Jumpstart your microservices development with MicroProfile Starter (Beta)

In this article, I’ll give you a quick tour of how to use the new MicroProfile Starter (Beta) site to generate, download, and build a Maven-based MicroProfile project with just a few clicks. Using this online project generator, you choose the MicroProfile version and server (such as Thorntail) that you want your project to be based on.
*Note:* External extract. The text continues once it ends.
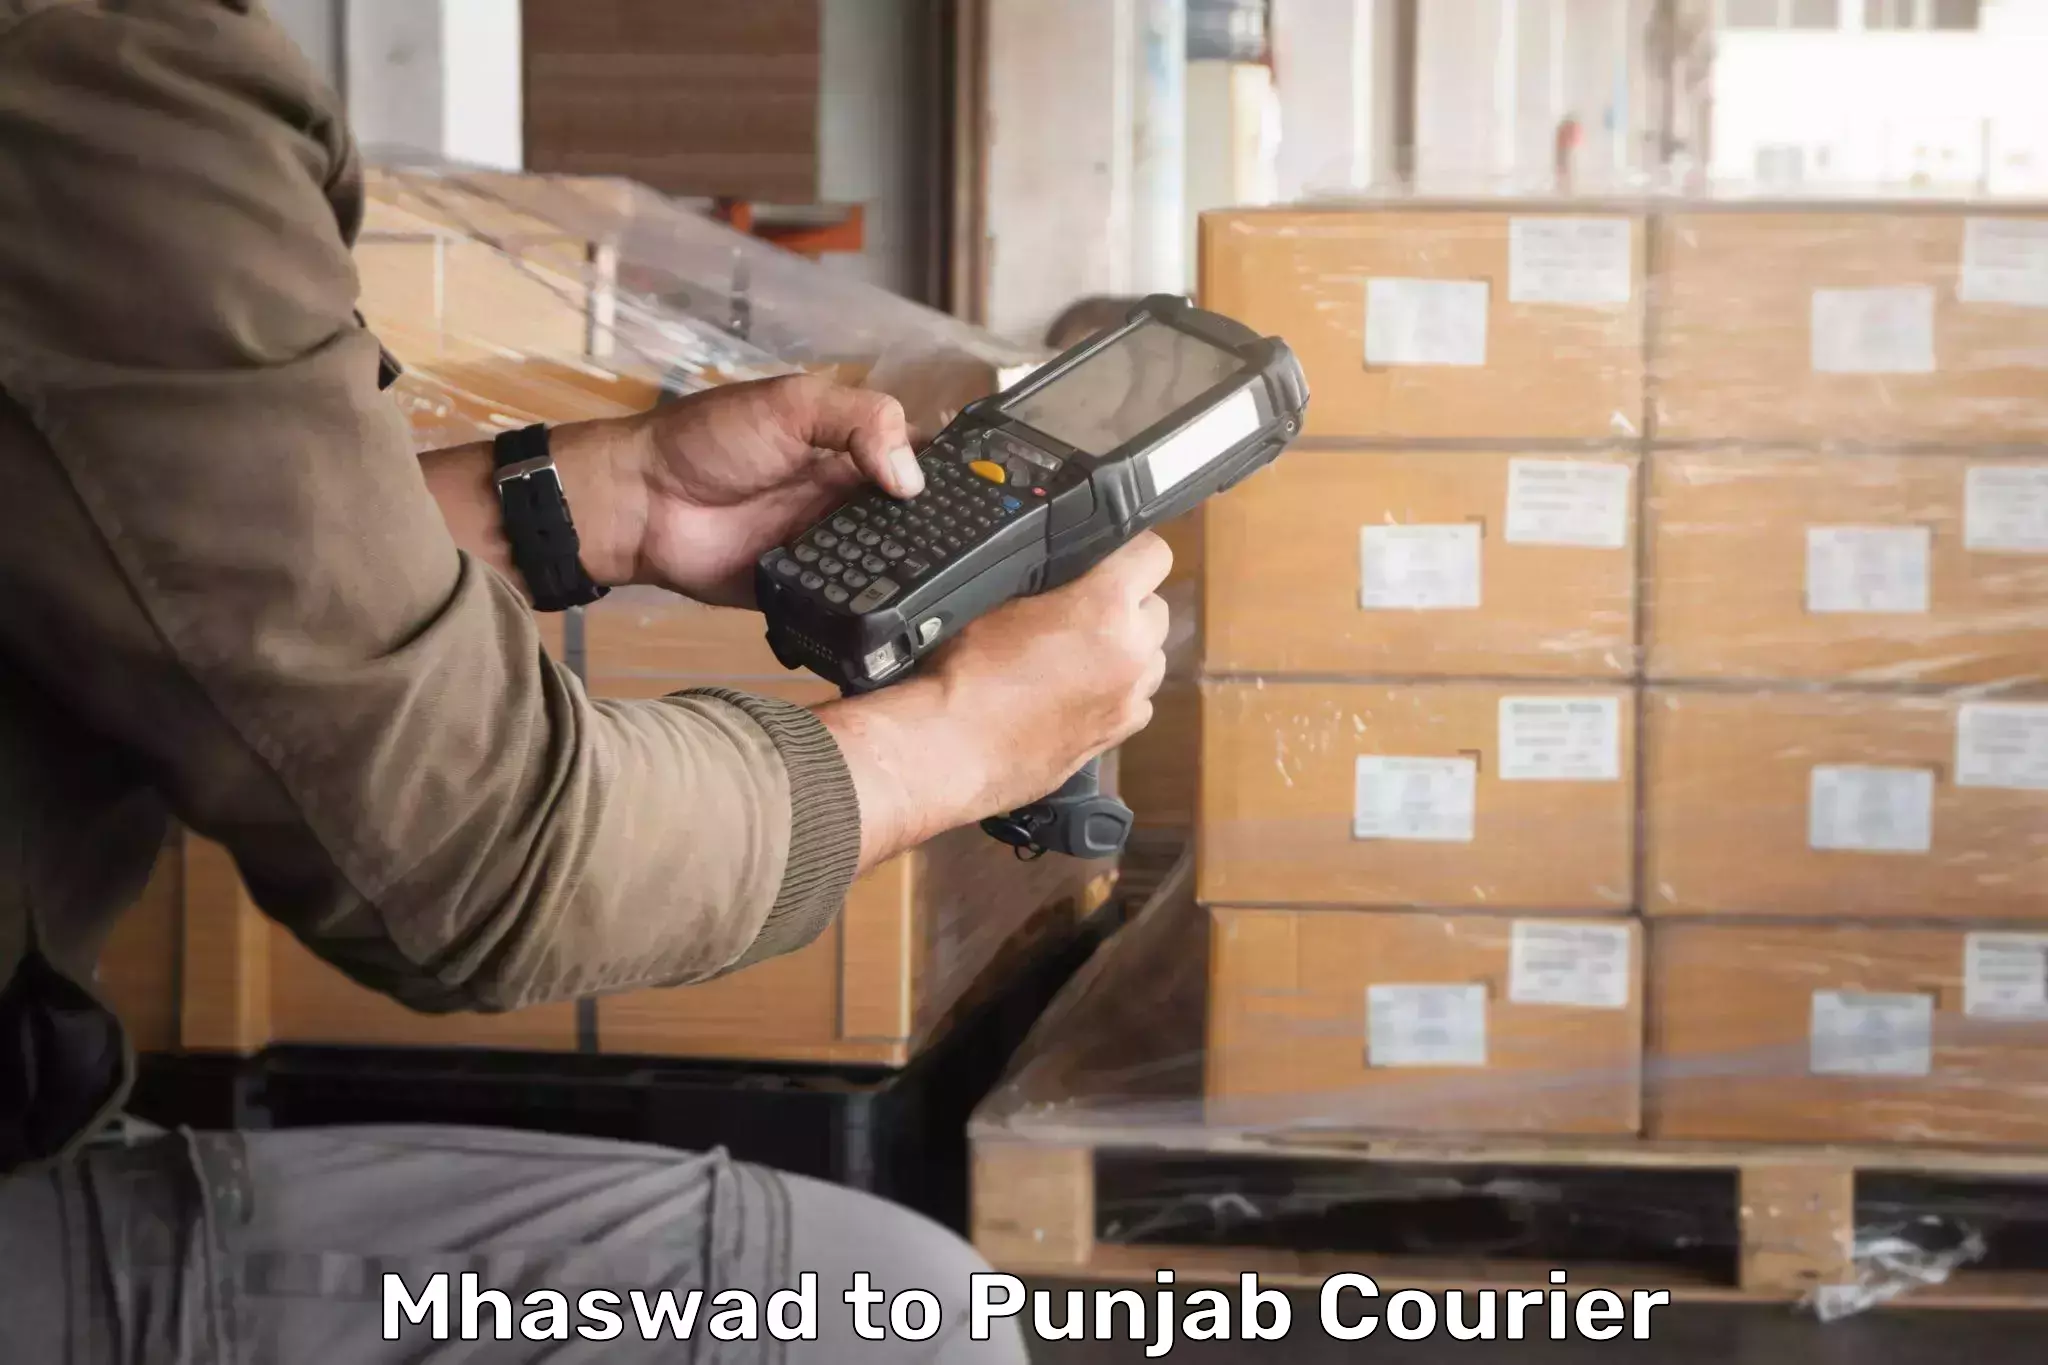 Efficient courier operations Mhaswad to Amritsar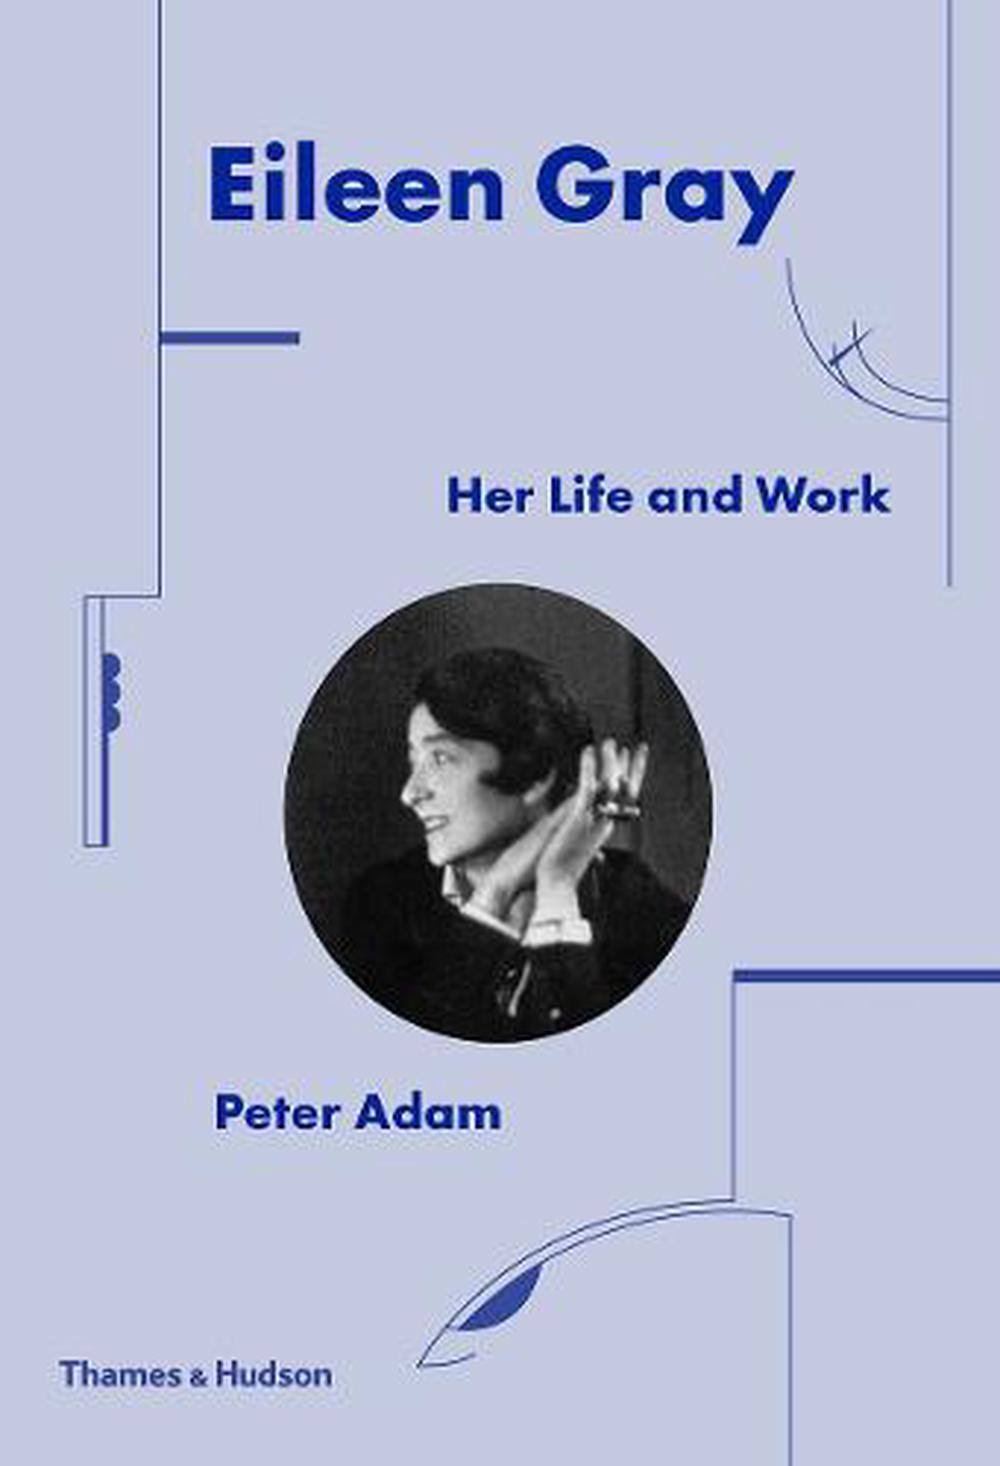 Eileen Gray: Her Life and Work [Book]

Then you’ll be able to choose what example code to include in your project to see how to use the APIs that are part of the MicroProfile specifications such as Config, Health Check, Metrics, CDI, and more.

Introduction

On February 6, 2019, the MicroProfile community announced the release of Eclipse MicroProfile Starter (Beta), whose goal is to aid developers to quickly get started using and exploiting the capabilities of the community-driven open-source specification for enterprise Java microservices, Eclipse MicroProfile, by generating working sample code in a Maven project.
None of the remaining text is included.